# [EXERCISE INSTRUCTIONS]
Go through the data below and gather each line containing "Furniture".

# [RECORDS FOR THE TASK]
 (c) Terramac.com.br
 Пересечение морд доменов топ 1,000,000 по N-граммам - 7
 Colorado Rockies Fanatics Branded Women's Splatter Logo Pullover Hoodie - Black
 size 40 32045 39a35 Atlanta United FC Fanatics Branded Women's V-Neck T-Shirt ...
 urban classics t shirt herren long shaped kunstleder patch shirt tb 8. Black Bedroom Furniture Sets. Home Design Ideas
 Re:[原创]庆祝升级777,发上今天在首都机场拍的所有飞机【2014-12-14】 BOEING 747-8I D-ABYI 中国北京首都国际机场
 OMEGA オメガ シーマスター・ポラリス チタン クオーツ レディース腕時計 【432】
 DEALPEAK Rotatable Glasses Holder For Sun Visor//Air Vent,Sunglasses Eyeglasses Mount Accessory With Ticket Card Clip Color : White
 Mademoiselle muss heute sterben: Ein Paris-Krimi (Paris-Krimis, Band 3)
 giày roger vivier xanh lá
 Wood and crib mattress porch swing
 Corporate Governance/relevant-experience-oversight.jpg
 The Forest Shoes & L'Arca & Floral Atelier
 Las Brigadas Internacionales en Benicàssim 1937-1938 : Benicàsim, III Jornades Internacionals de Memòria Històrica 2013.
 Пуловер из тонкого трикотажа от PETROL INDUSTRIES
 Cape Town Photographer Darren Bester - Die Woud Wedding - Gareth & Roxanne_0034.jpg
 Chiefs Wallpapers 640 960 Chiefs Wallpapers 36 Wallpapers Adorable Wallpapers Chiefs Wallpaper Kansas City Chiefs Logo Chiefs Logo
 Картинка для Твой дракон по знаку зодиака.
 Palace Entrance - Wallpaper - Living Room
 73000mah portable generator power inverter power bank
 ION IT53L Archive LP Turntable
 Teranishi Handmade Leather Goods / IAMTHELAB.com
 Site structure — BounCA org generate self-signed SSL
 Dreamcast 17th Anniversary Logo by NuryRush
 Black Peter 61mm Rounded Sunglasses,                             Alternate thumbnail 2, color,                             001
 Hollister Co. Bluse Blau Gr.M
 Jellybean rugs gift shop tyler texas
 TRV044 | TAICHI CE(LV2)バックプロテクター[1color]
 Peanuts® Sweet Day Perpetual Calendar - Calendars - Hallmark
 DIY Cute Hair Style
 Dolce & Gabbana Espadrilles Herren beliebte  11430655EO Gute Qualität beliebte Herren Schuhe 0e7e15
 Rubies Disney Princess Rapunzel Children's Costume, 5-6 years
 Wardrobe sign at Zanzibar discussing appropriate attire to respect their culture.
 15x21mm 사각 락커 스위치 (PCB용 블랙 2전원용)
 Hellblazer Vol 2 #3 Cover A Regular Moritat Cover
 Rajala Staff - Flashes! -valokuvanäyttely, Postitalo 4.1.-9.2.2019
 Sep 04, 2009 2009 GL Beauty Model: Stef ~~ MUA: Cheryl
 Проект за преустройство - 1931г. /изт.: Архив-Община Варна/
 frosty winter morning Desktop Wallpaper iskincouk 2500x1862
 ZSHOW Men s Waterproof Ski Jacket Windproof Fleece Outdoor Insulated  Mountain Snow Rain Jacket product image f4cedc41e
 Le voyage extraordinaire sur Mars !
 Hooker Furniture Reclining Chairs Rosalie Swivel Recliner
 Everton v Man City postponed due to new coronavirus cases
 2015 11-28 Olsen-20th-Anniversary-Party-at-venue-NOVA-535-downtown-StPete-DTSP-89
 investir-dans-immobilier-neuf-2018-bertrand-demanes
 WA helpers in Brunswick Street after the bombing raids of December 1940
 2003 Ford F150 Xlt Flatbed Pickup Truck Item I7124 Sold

# [PROBLEM SOLUTION]
 urban classics t shirt herren long shaped kunstleder patch shirt tb 8. Black Bedroom Furniture Sets. Home Design Ideas
 Hooker Furniture Reclining Chairs Rosalie Swivel Recliner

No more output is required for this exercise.